I believe that he will develop out of such obvious uses of “First, then” because he has developed out of so many of the techniques and strategies that were part of his early intervention. I have a box with his PECS book in it, the brush we used for sensory calming, his heavy blanket. However, I will keep it as a strategy for life because I use it with his older, neurotypical brother, and it’s helping him navigate the early stages of puberty. Actually, his older brother uses it as a coping mechanism all on his own.
He told me recently that he would get to have a great adult voice, but first he’d have to have a terrible voice that cracks and screeches. He also said he’d have a brilliant YouTube career, but first he needed a good education so that he’d have an edge over the next generation of YouTubers.

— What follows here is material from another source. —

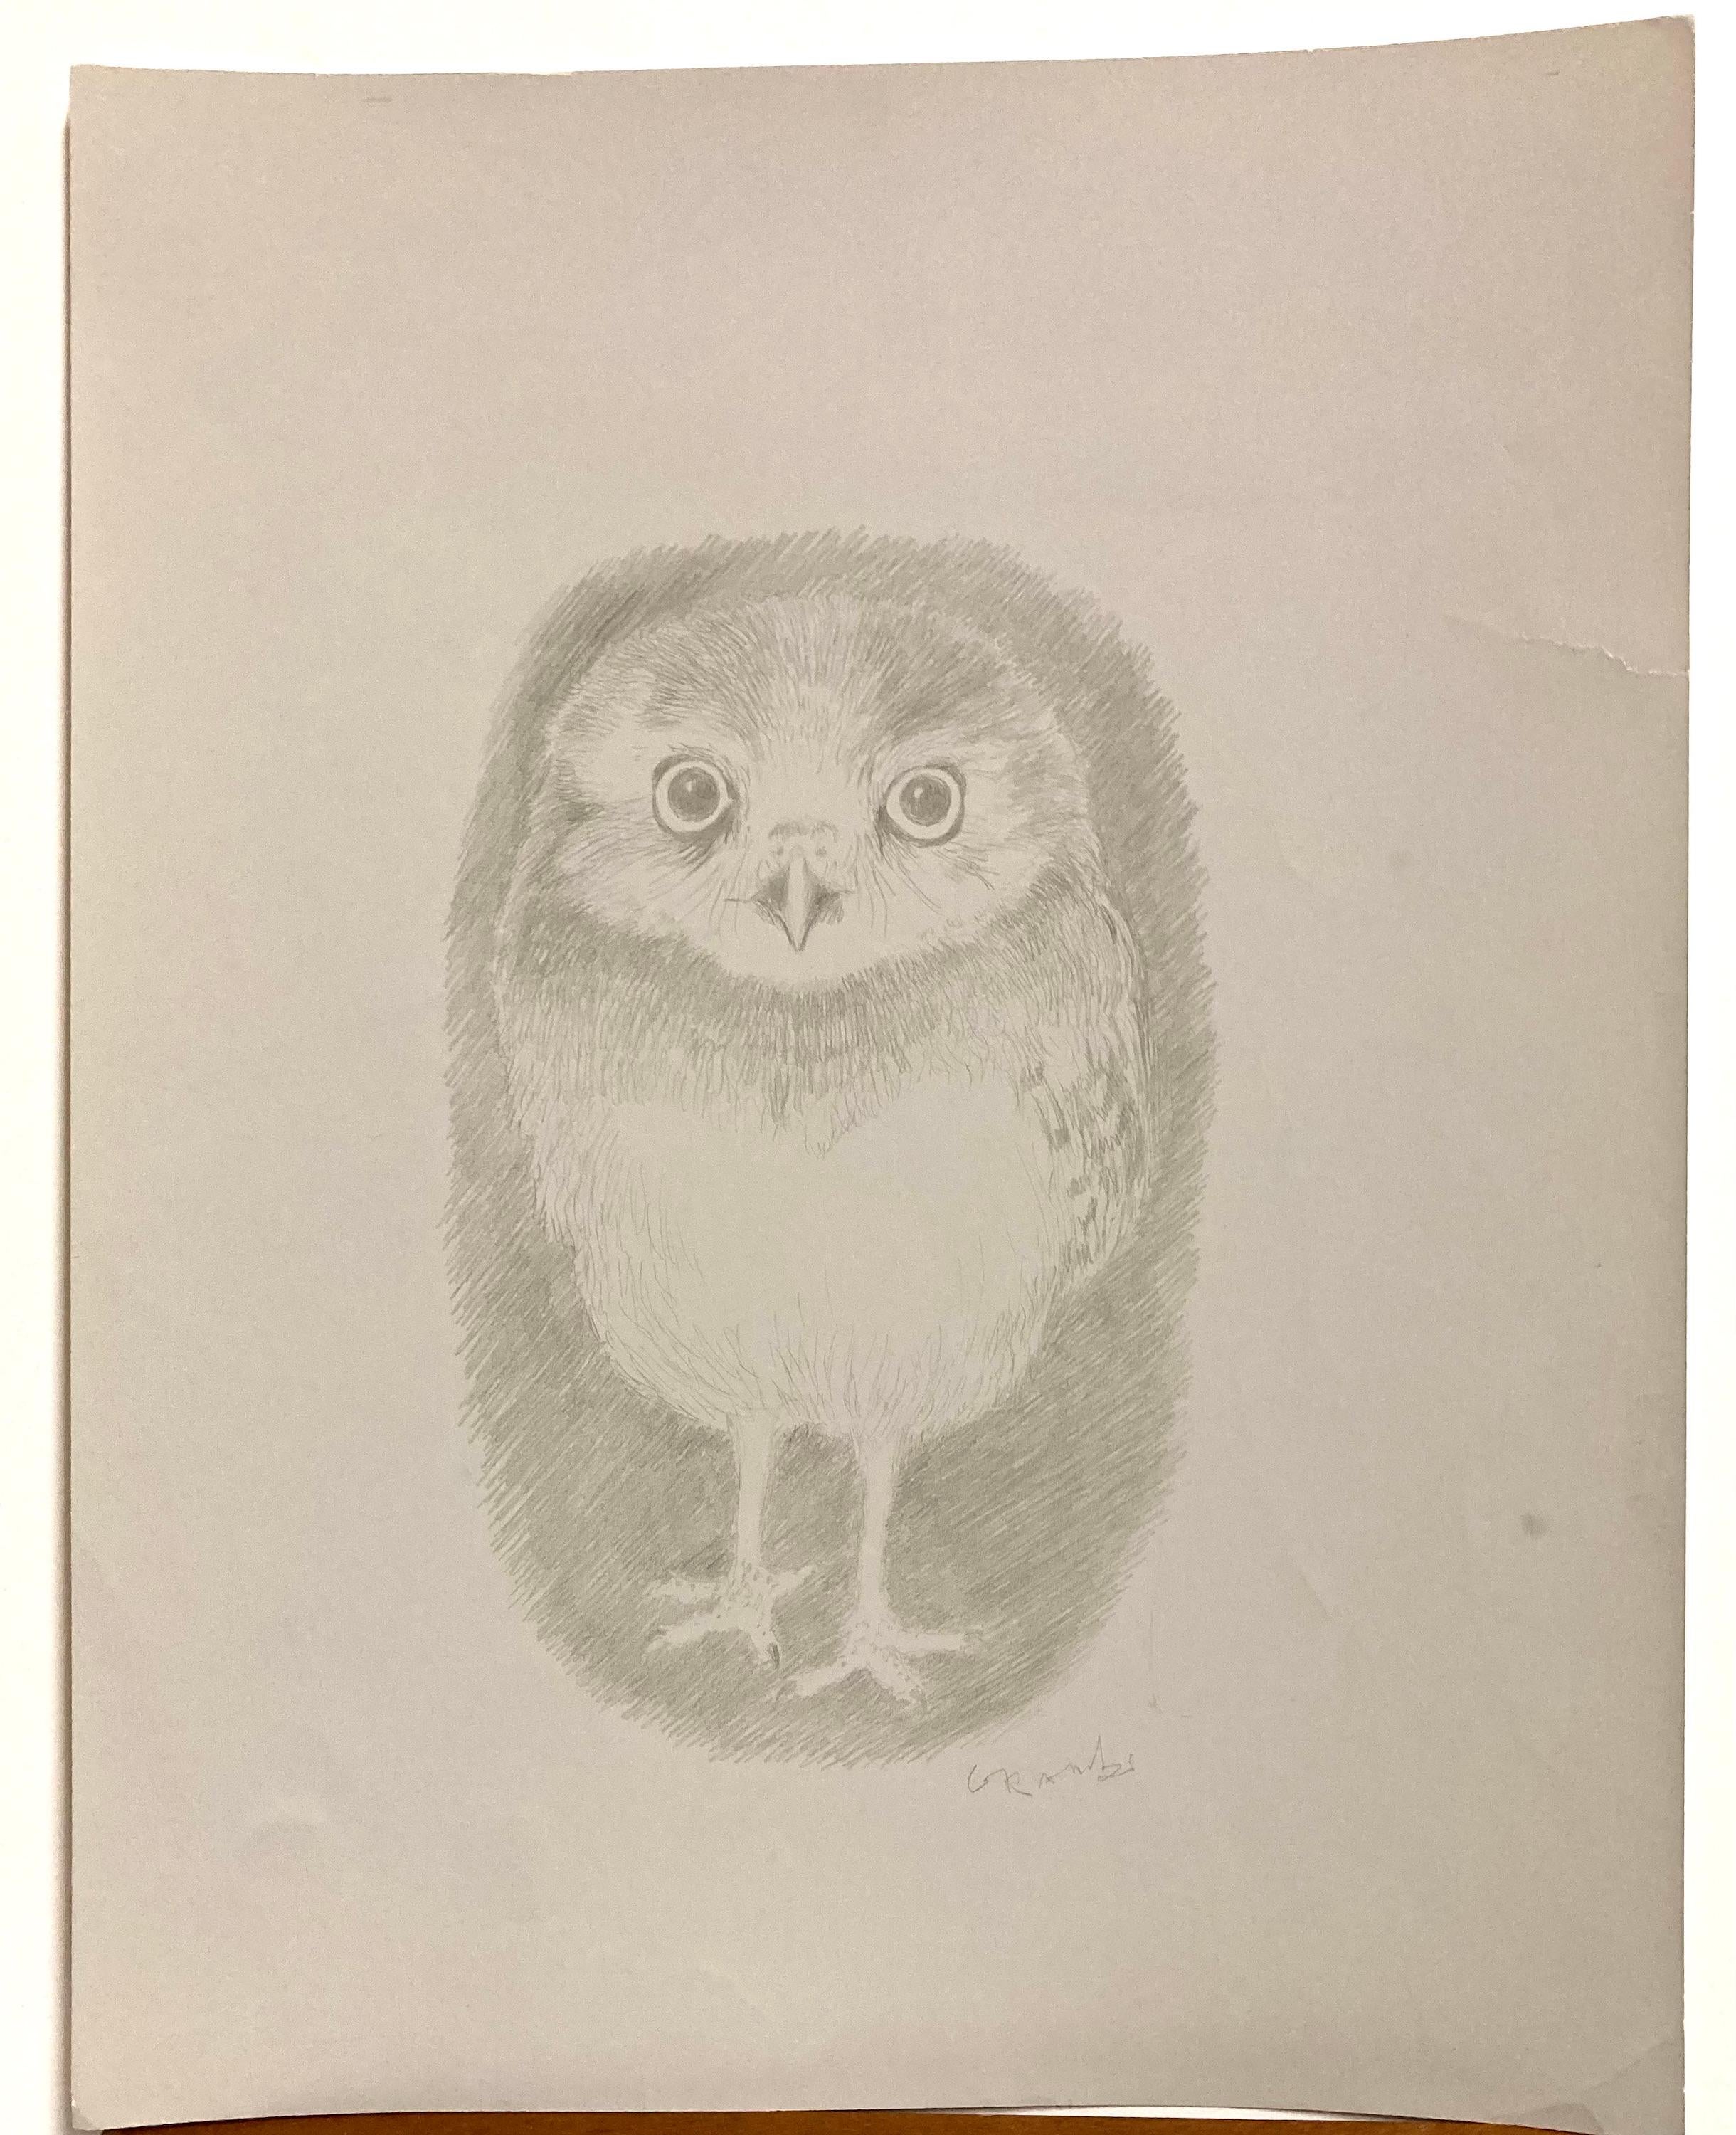 Blanche Grambs, deren Karriere bei der WPA begann, war eine äußerst geschickte Zeichnerin.

Ihre Vögel sind meisterhaft. Obwohl wir das Wort "Bleistift" für das Medium verwenden, handelt es sich in Wirklichkeit um eine Silberstiftzeichnung auf grau

After school, it’s screen time first, then homework. It works. If we have to change it for some reason, like an early session of karate, he accepts it because he still gets screen time in the explanation. “First homework, then karate, then screen time.” There’s nothing wrong with him saying “oh, ok” with disappointment in his voice. Being disappointed and sounding disappointed are not wrong, especially when he’s accepted the change. Coupled with the strategies of choice from Love and Logic, or son is learning to adult.
As our society becomes more neurodiverse, “First, then” should become more widespread. I know that many preschool teachers have embraced it for the little ones. As a former high school teacher, I know my colleagues and I used it, but implicitly. I would make it explicit now. Use it with your kids. Use it in social situations. Anything that might lesson anxiety is worth a try.